F.46.2. Description #
Incremental View Maintenance
(IVM) is a way to make materialized views up-to-date in
which only incremental changes are computed and applied on views
rather than recomputing the contents from scratch as
REFRESH MATERIALIZED VIEW
does. IVM can update
materialized views more efficiently than recomputation when only
small parts of the view are changed.
There are two approaches with regard to timing of view
maintenance: immediate and deferred. In immediate maintenance,
views are updated in the same transaction that its base table is
modified. In deferred maintenance, views are updated after the
transaction is committed, for example, when the view is accessed,
as a response to user command like
REFRESH MATERIALIZED VIEW
, or periodically in
background, and so on. pg_ivm
provides a kind
of immediate maintenance, in which materialized views are updated
immediately in AFTER triggers when a base table is modified.

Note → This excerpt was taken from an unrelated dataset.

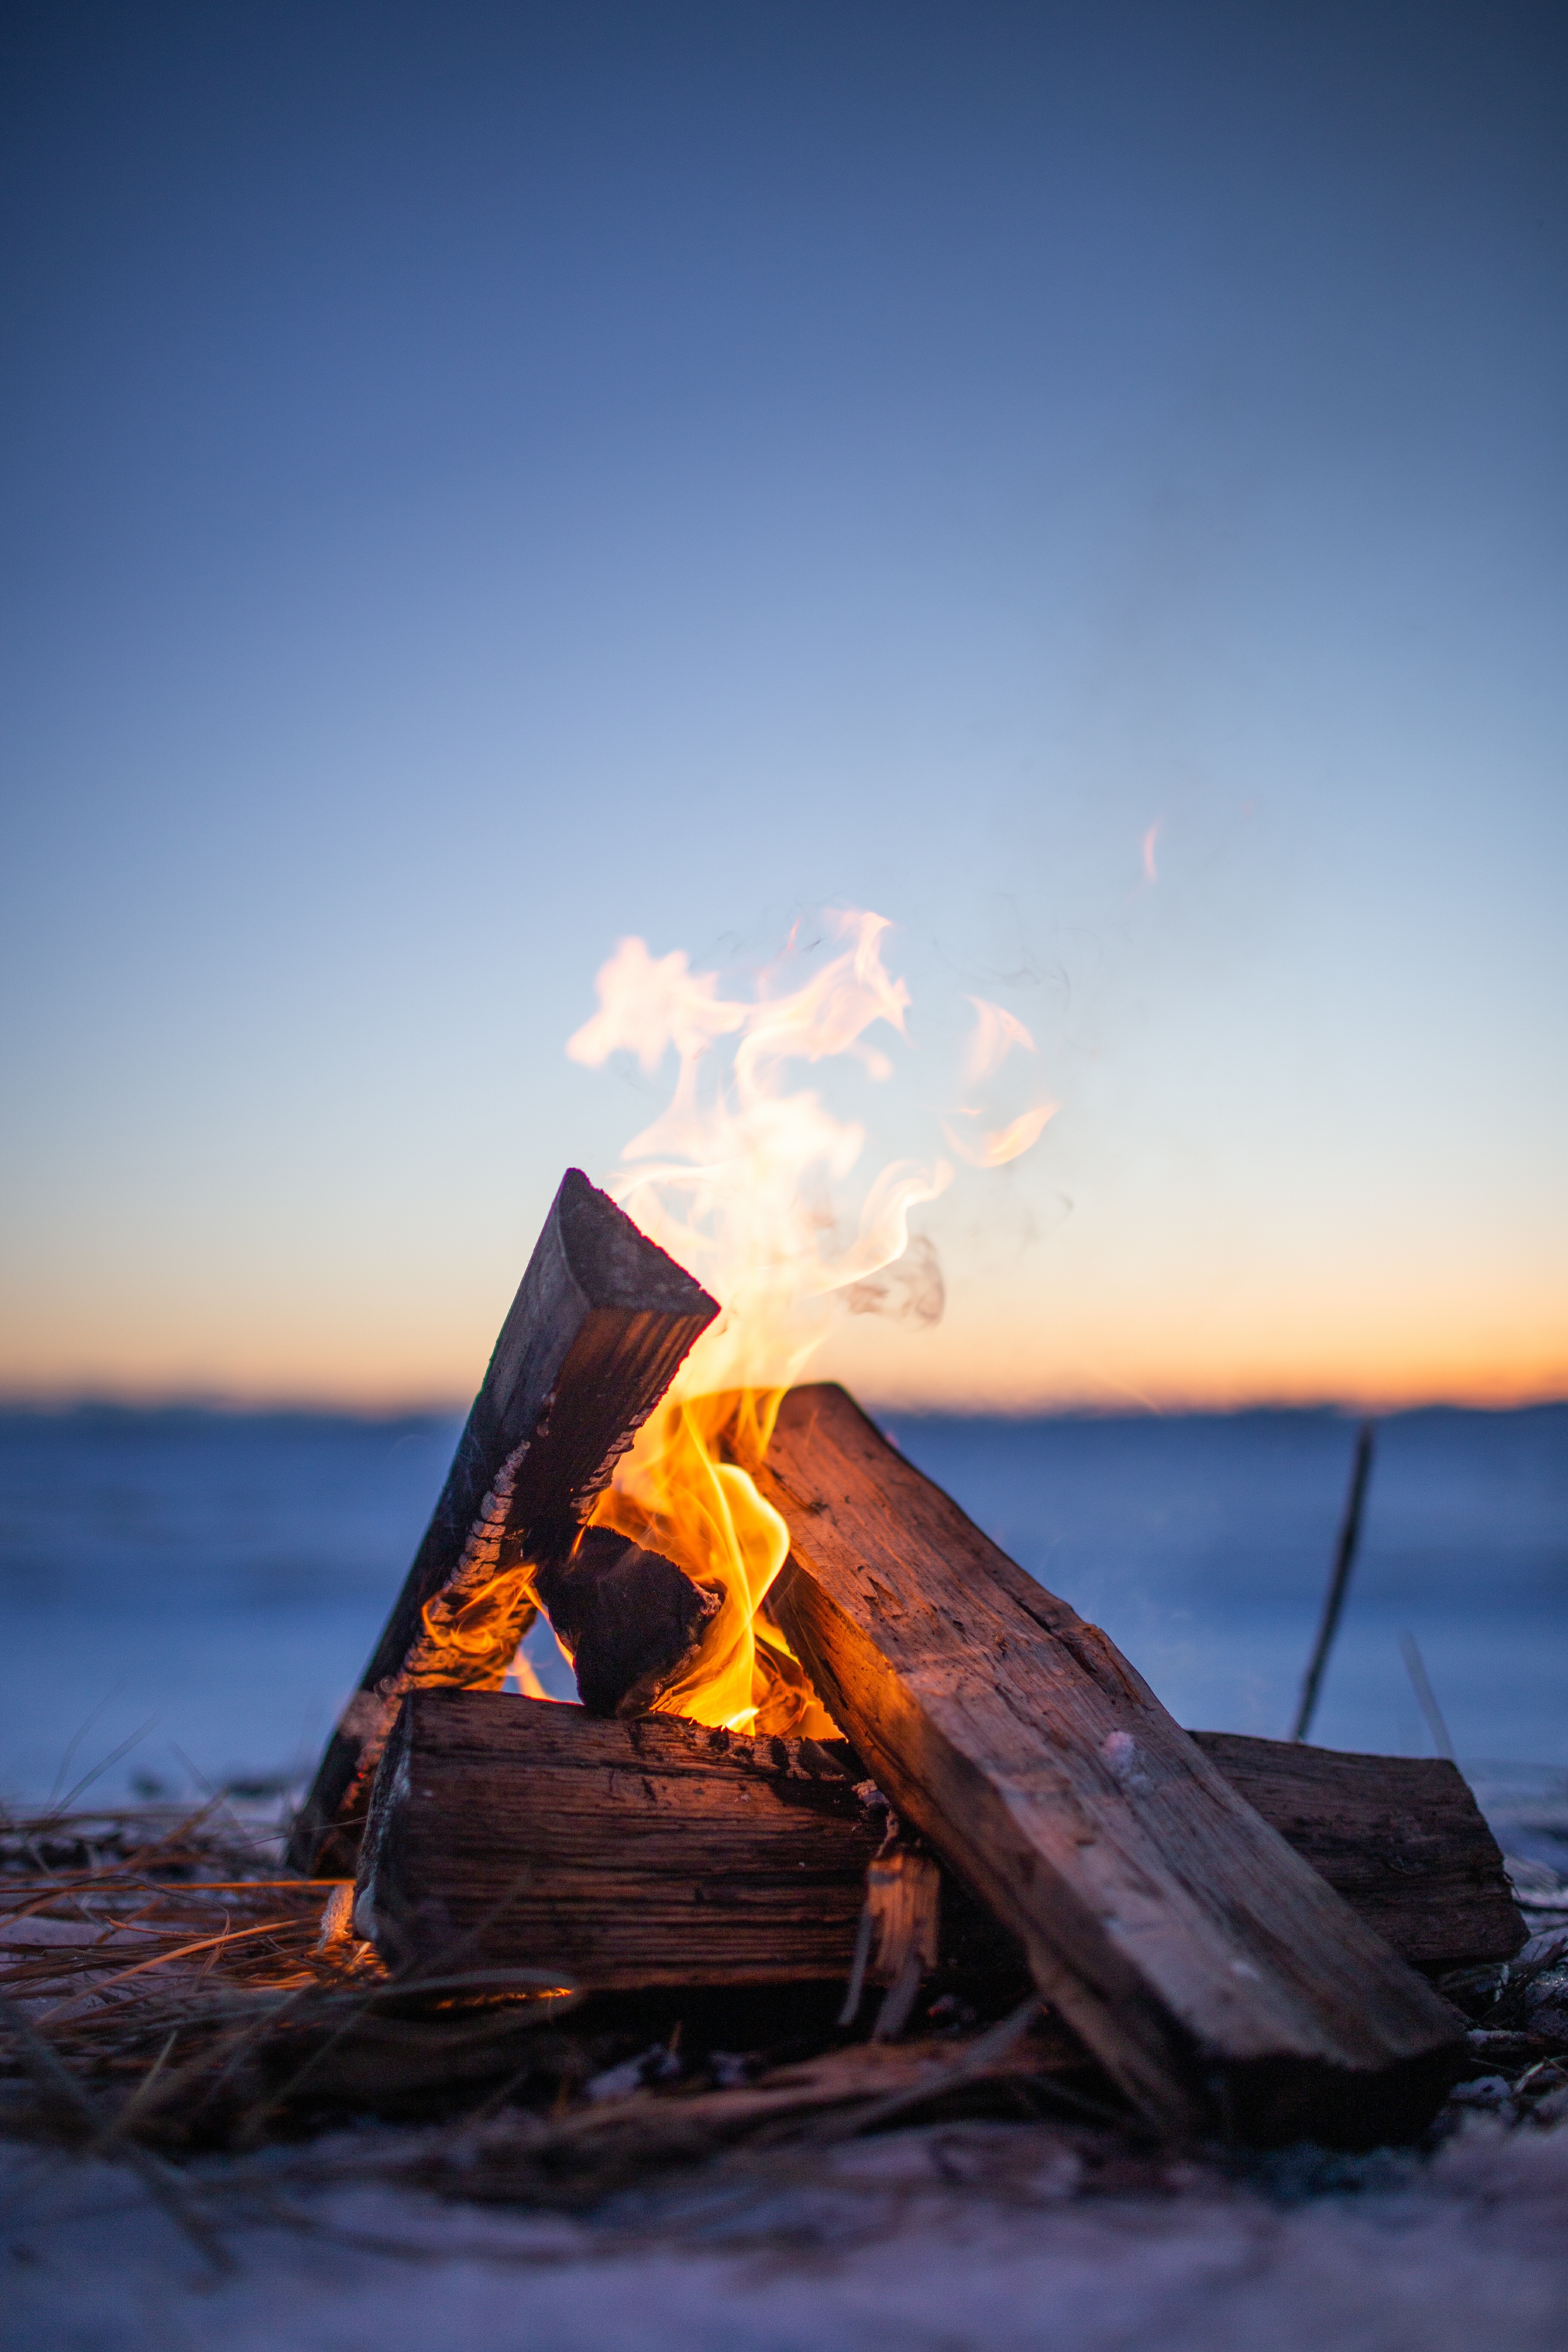 bonfire, firewood, campsite, camping, flame, fire, miscellanea, miscellaneous, evening
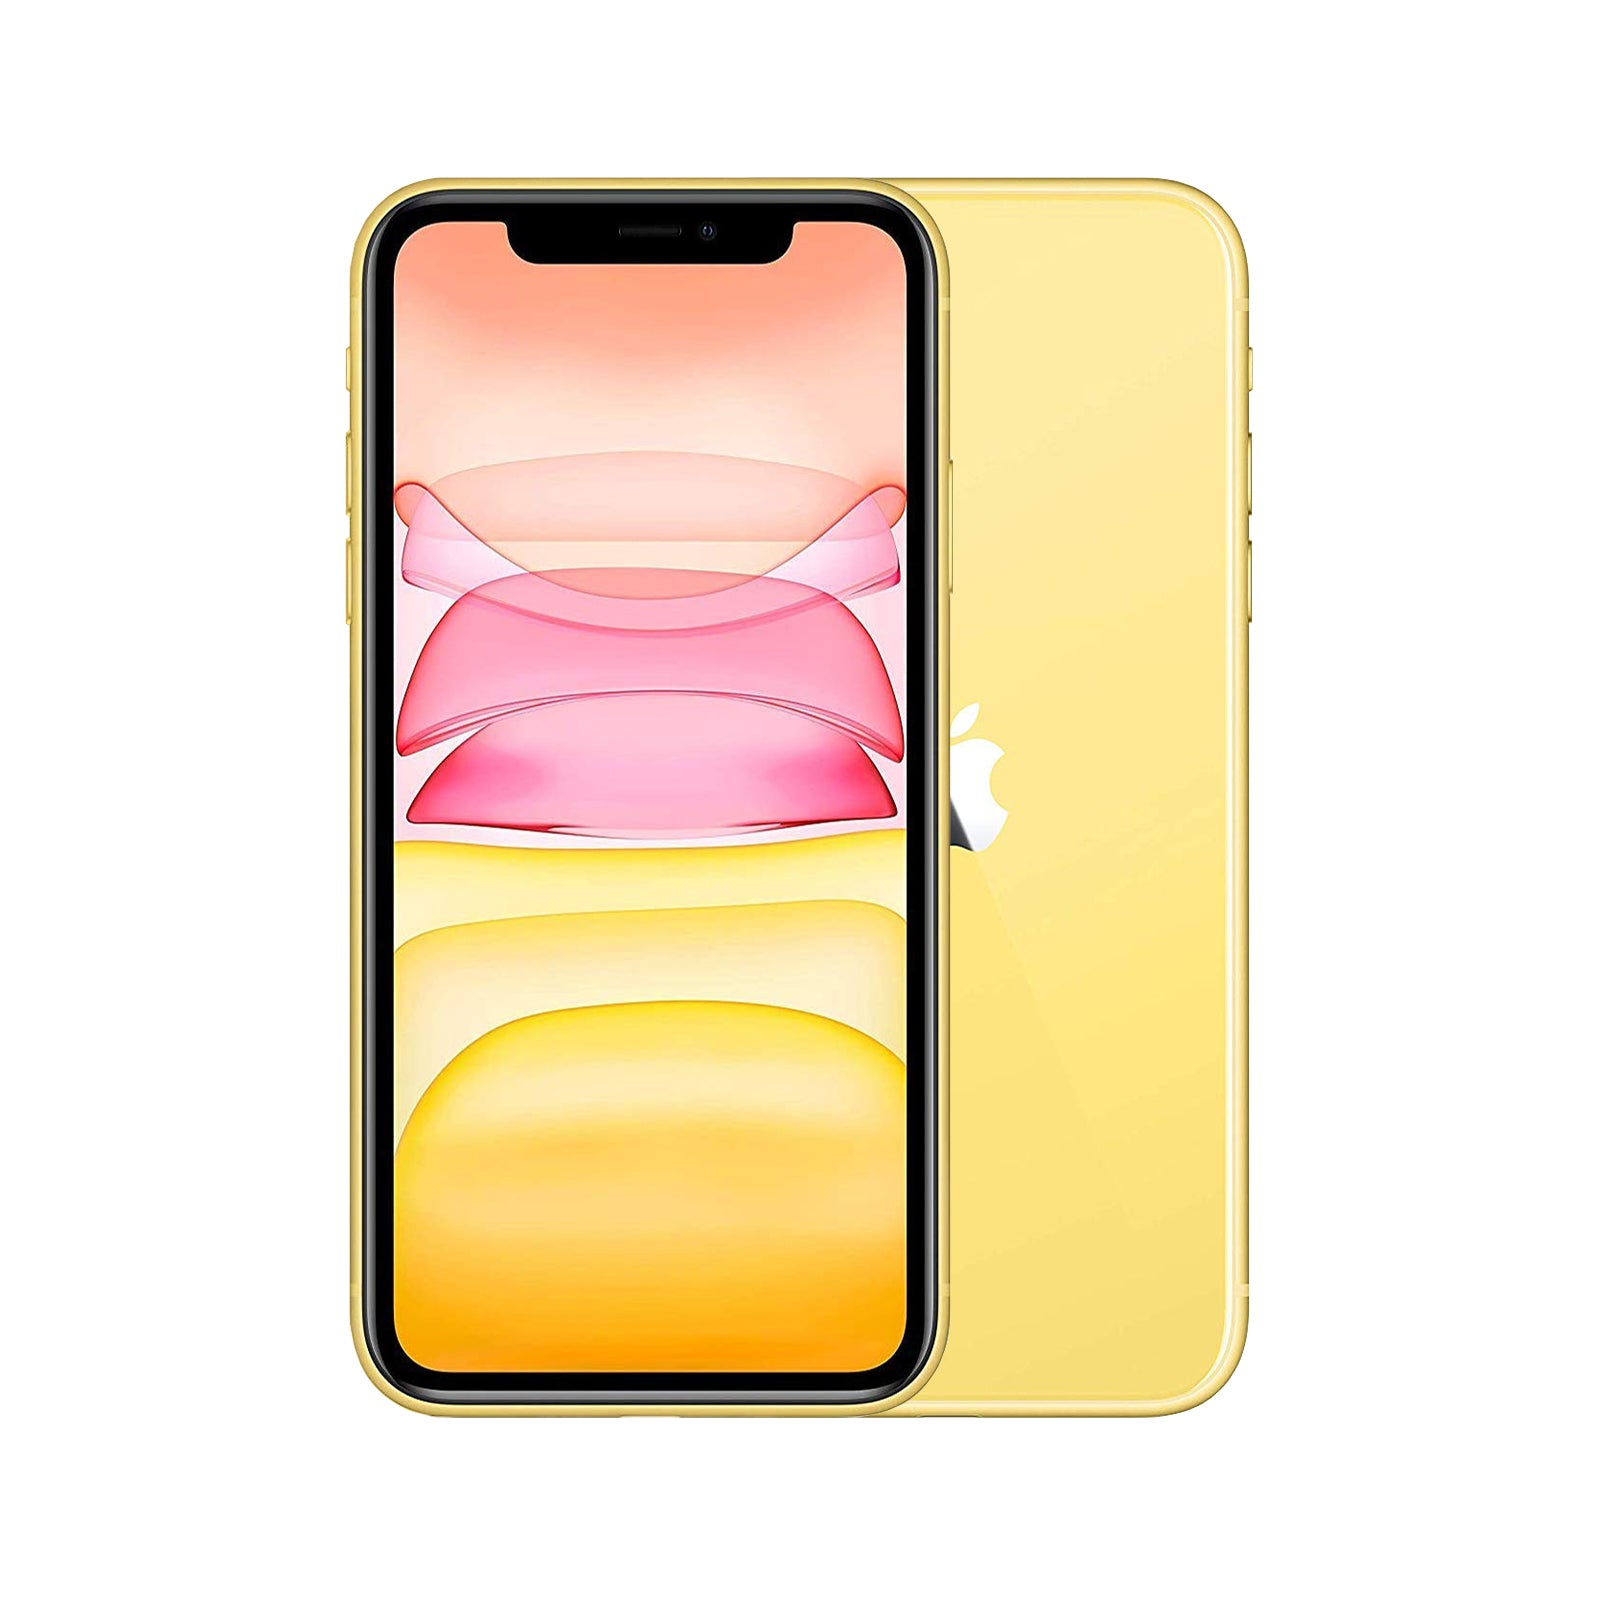 Apple iPhone 11 128GB Yellow - Very Good - Refurbished

We call a materialized view supporting IVM an
Incrementally Maintainable Materialized
View (IMMV). To create IMMV, you have to call
create_immv
function with a relation name and a
view definition query. For example:
SELECT pgivm.create_immv('myview', 'SELECT * FROM mytab');
creates an IMMV with name ‘myview’ defined as
SELECT * FROM mytab
. This is corresponding to
the following command to create a normal materialized view;
CREATE MATERIALIZED VIEW myview AS SELECT * FROM mytab;
When an IMMV is created, some triggers are automatically created so that the view’s contents are immediately updated when its base tables are modified.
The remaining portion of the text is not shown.